Aposentadoria e equidade

HÉLIO ZYLBERSTAJN, ANDRÉ SOUZA, ANDERSON STANCIOLI e MARCELO MILAN

As aposentadorias dos funcionários públicos são maiores do que as aposentadorias dos trabalhadores cobertos pelo INSS. Para examinar a natureza desse diferencial, um dos critérios possíveis é comparar os benefícios recebidos pelos aposentados com as contribuições que recolheram quando trabalhavam. Um sistema de aposentadorias é equilibrado quando paga aos aposentados o mesmo valor que arrecadou deles quando trabalhavam. Se isso valer para cada indivíduo, então ninguém subsidia ninguém, não há transferência de rendas entre grupos de segurados; e o diferencial das aposentadorias decorre do diferencial das contribuições.
Para usar esse critério e avaliar as aposentadorias brasileiras, recorremos aos dados da PNAD (Pesquisa Nacional por Amostra de Domicílios) de 2001. Estimamos a trajetória salarial de todos os brasileiros que trabalham, sejam eles funcionários públicos ou segurados do INSS. Calculamos suas contribuições, desde o ingresso no mercado de trabalho até o momento em que vão se aposentar. Calculamos em seguida quanto vão receber na aposentadoria, durante o período de sua expectativa de vida. Incluímos o valor das pensões dos cônjuges após a morte dos aposentados. Os valores das contribuições e dos benefícios foram trazidos para valor presente e permitiram que calculássemos as alíquotas apresentadas na tabela nesta página.
Os resultados indicam que os segurados do INSS contribuem, em média, com 21% dos seus rendimentos. Neste valor, computamos a contribuição dos empregados, dos autônomos e também a contribuição das empresas. Para pagar as aposentadorias dos contribuintes do INSS, porém, seria necessário recolher apenas 17% dos rendimentos. Portanto os contribuintes do INSS recebem menos do que pagam. A diferença é utilizada para cobrir as aposentadorias dos informais, que não contribuem com o sistema. Por meio do INSS, os trabalhadores do setor formal transferem renda para os trabalhadores do setor informal. Se não tivessem de suportar esse ônus, poderiam se aposentar com benefícios mais generosos, ou então poderiam recolher contribuições menores.

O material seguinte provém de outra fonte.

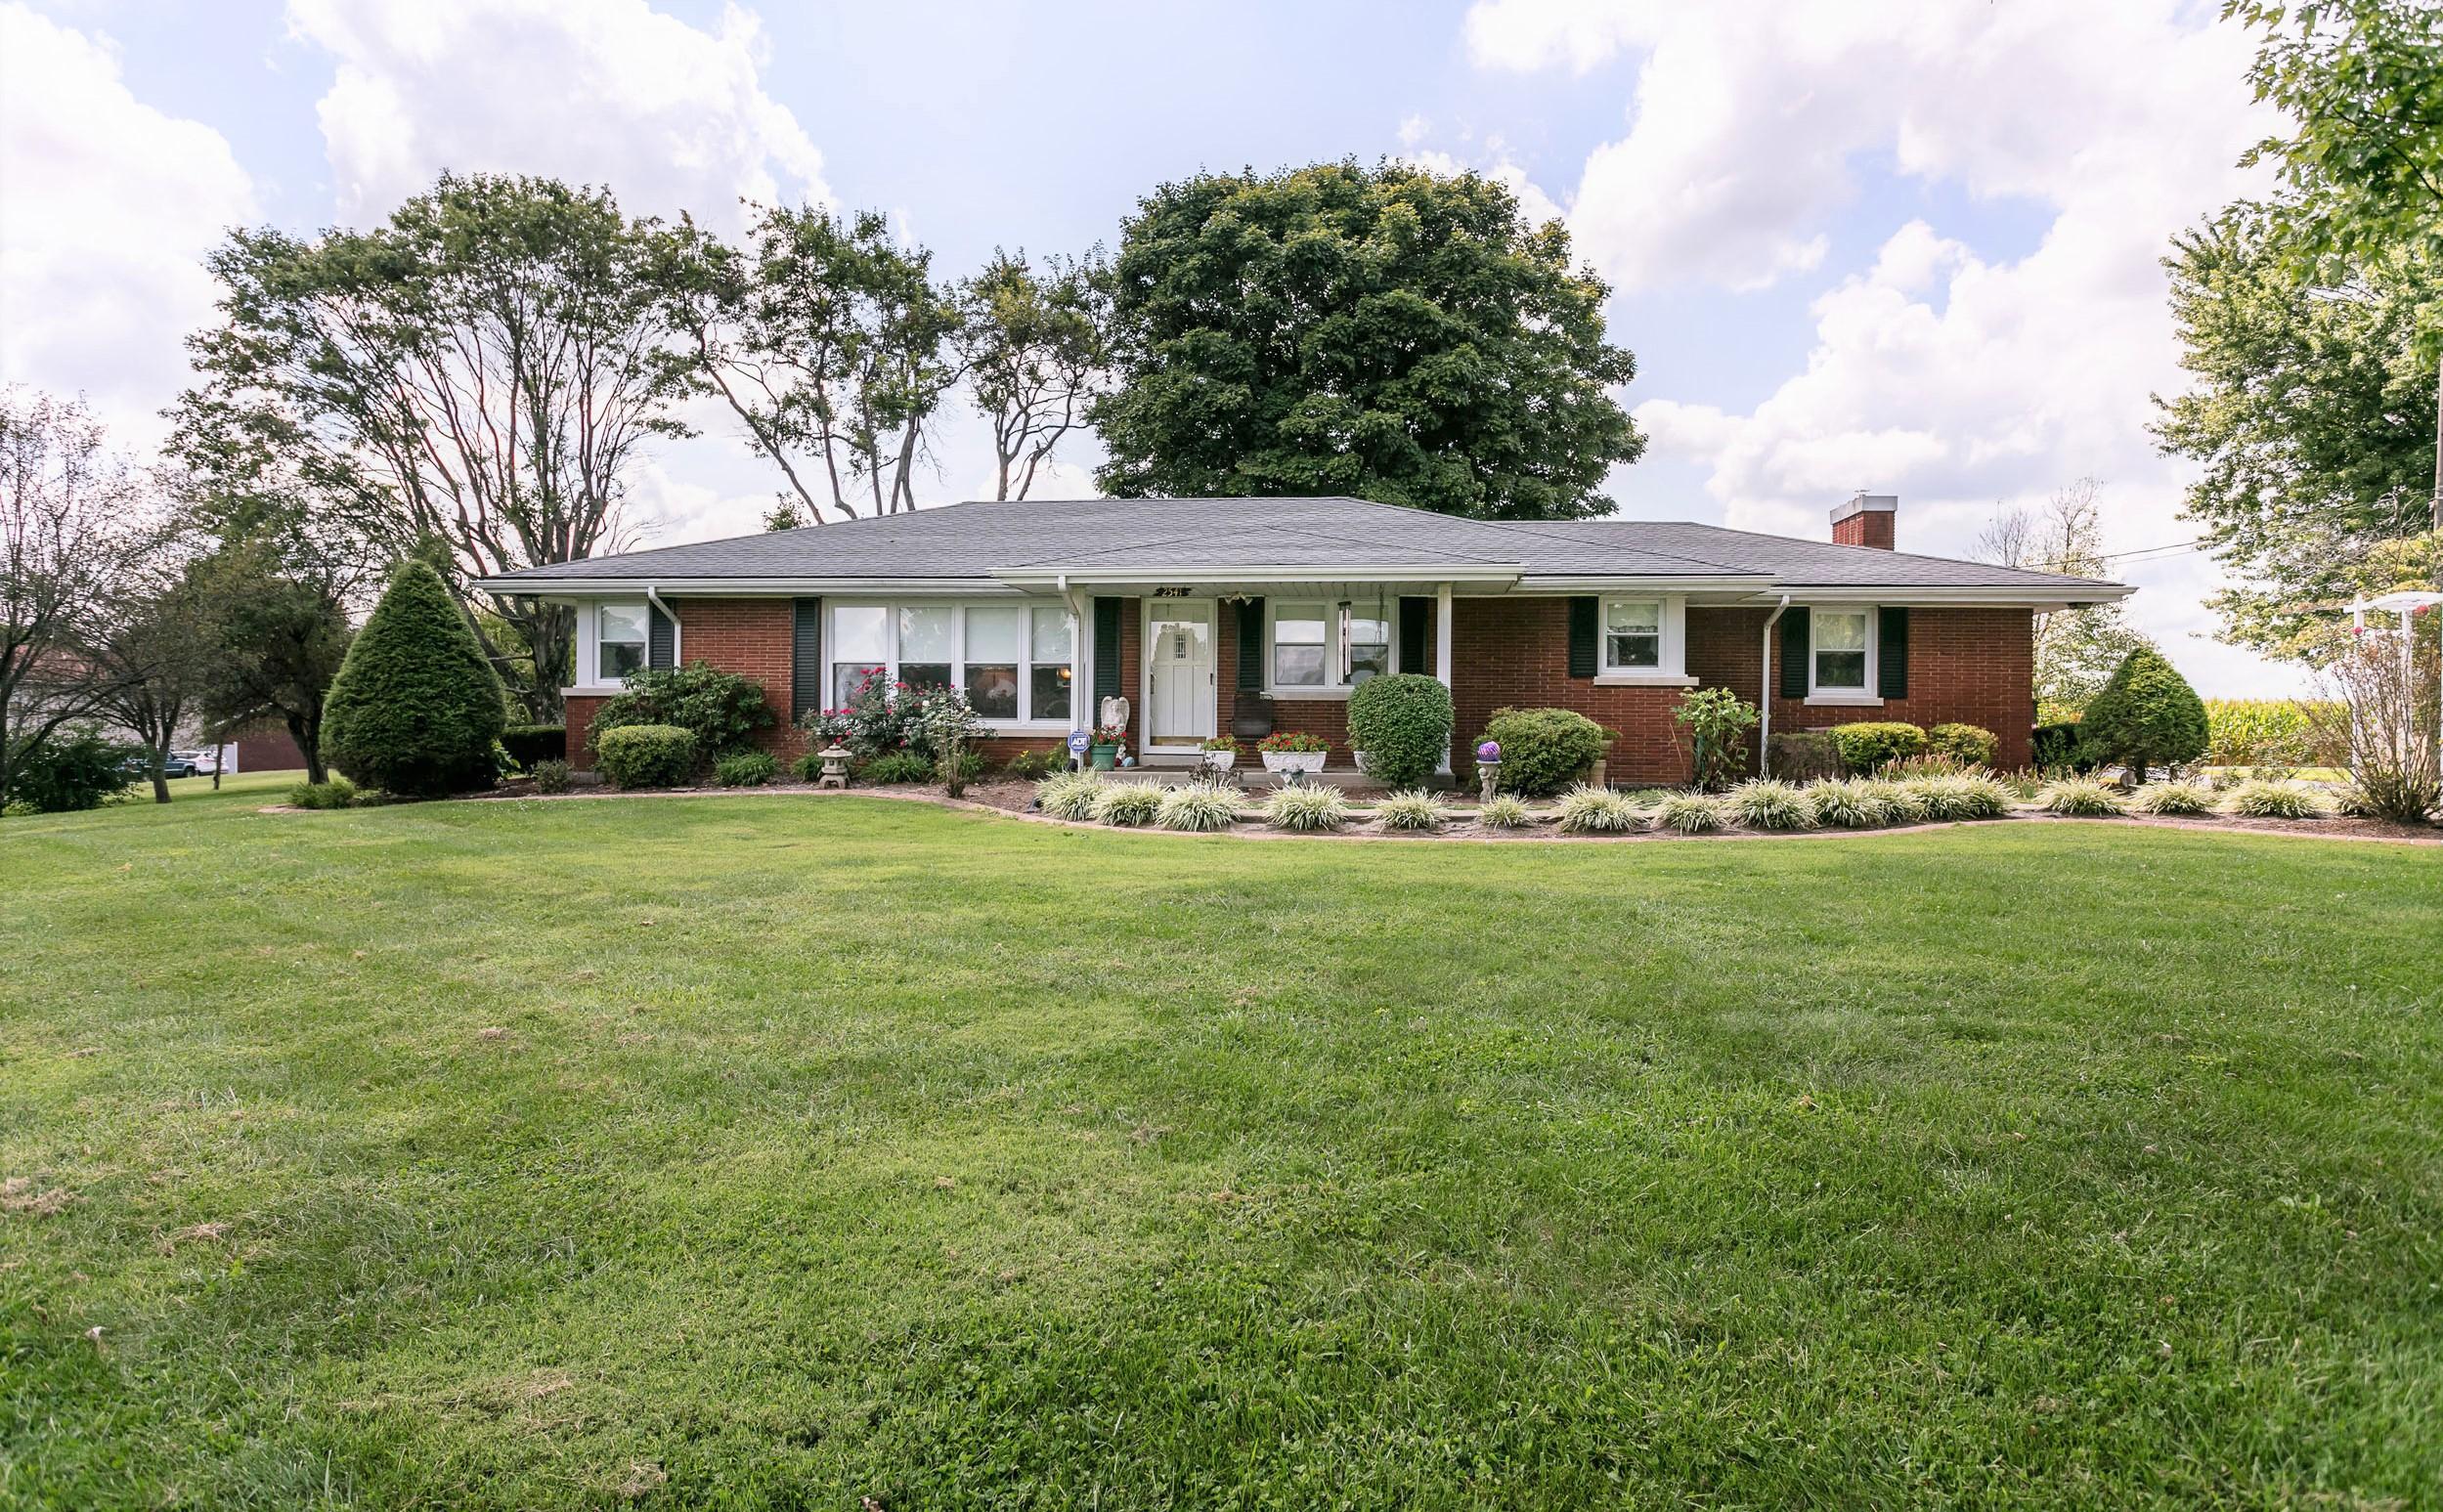 2541 Old Lebanon Road – Campbellsville

Diferentemente dos contribuintes do INSS, os funcionários públicos pagam menos do que recebem. Para pagar suas aposentadorias, teriam que contribuir com 49%, mas contribuem, em média, com apenas 16% dos seus rendimentos (aqui computamos as contribuições dos funcionários e das administrações estaduais e municipais). A diferença é coberta com os impostos que todos pagamos. Há, portanto, uma transferência de renda dos contribuintes para os funcionários públicos.
Alguns críticos da reforma proposta pelo governo Lula alegam que, enquanto as empresas privadas contribuem para o INSS, o governo não contribui para as aposentadorias dos servidores. Se contribuísse, eles argumentam, o sistema se equilibraria. Nossos resultados mostram que, mesmo que o governo contribuísse, o valor recolhido seria insuficiente para pagar as aposentadorias dos servidores públicos. Em suma, seus benefícios são exageradamente altos, se comparados com suas contribuições. Os trabalhadores do setor privado são duplamente onerados, pois transferem renda para os trabalhadores informais e os funcionários públicos.

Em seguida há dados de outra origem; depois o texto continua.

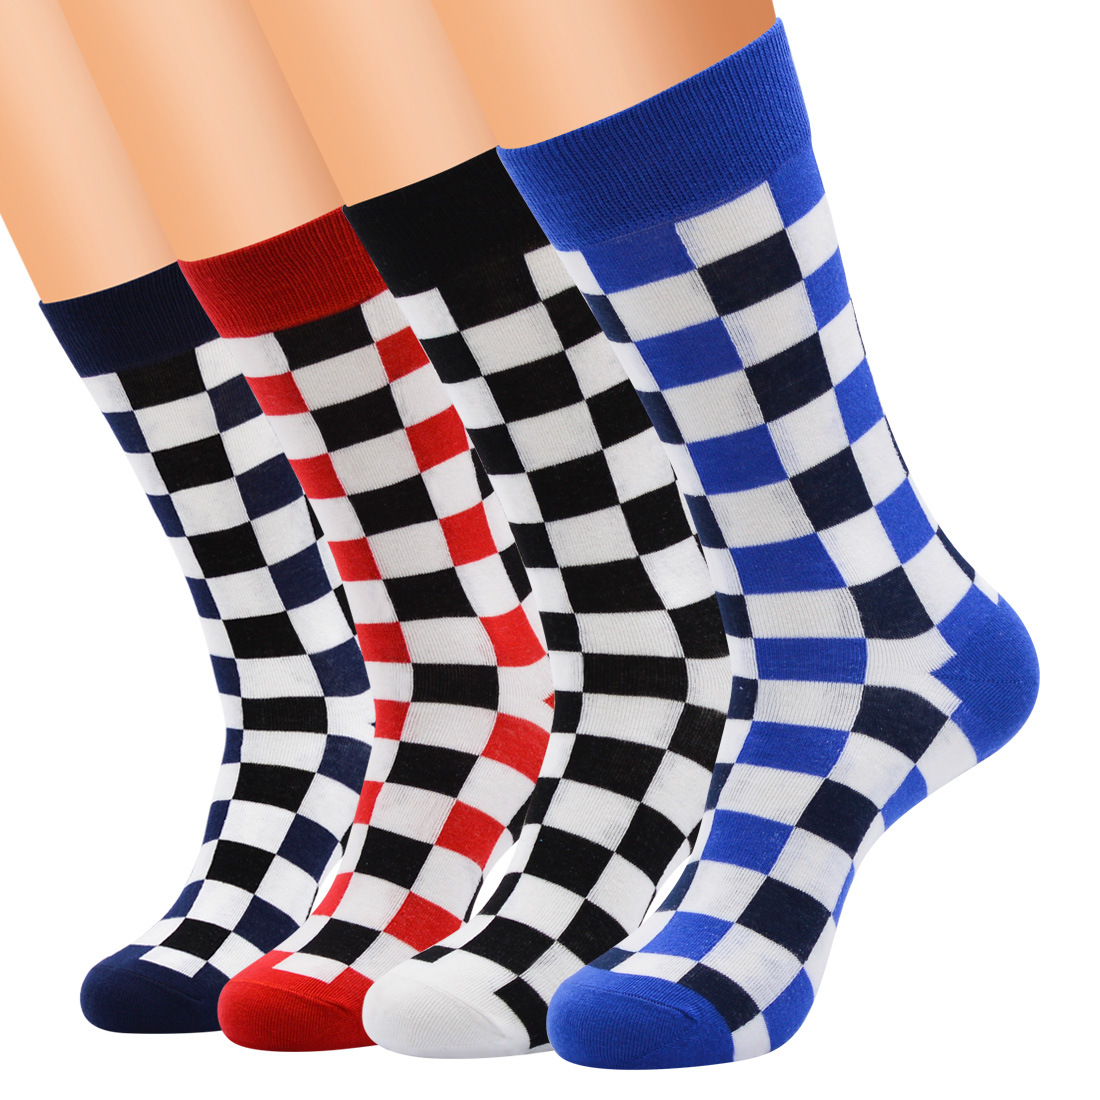 Korea Fashion Harajuku Trends Male Checkerboard Socks Style Geometric Checkered Socks Men Hip Hop Cotton Unisex Soks

A reforma da Previdência mudará esse estado de coisas? Para responder a essa questão, fizemos uma simulação com os nossos dados. Aplicamos as regras contidas na "reforma Lula" para todos os atuais trabalhadores, retroativamente, desde o momento em que ingressaram no mercado de trabalho. Calculamos o valor das contribuições que teriam recolhido e também o valor dos benefícios que receberão quando se aposentarem, segundo as novas regras. Comparamos o valor presente dos dois agregados, e o resultado aparece nas duas últimas colunas da tabela.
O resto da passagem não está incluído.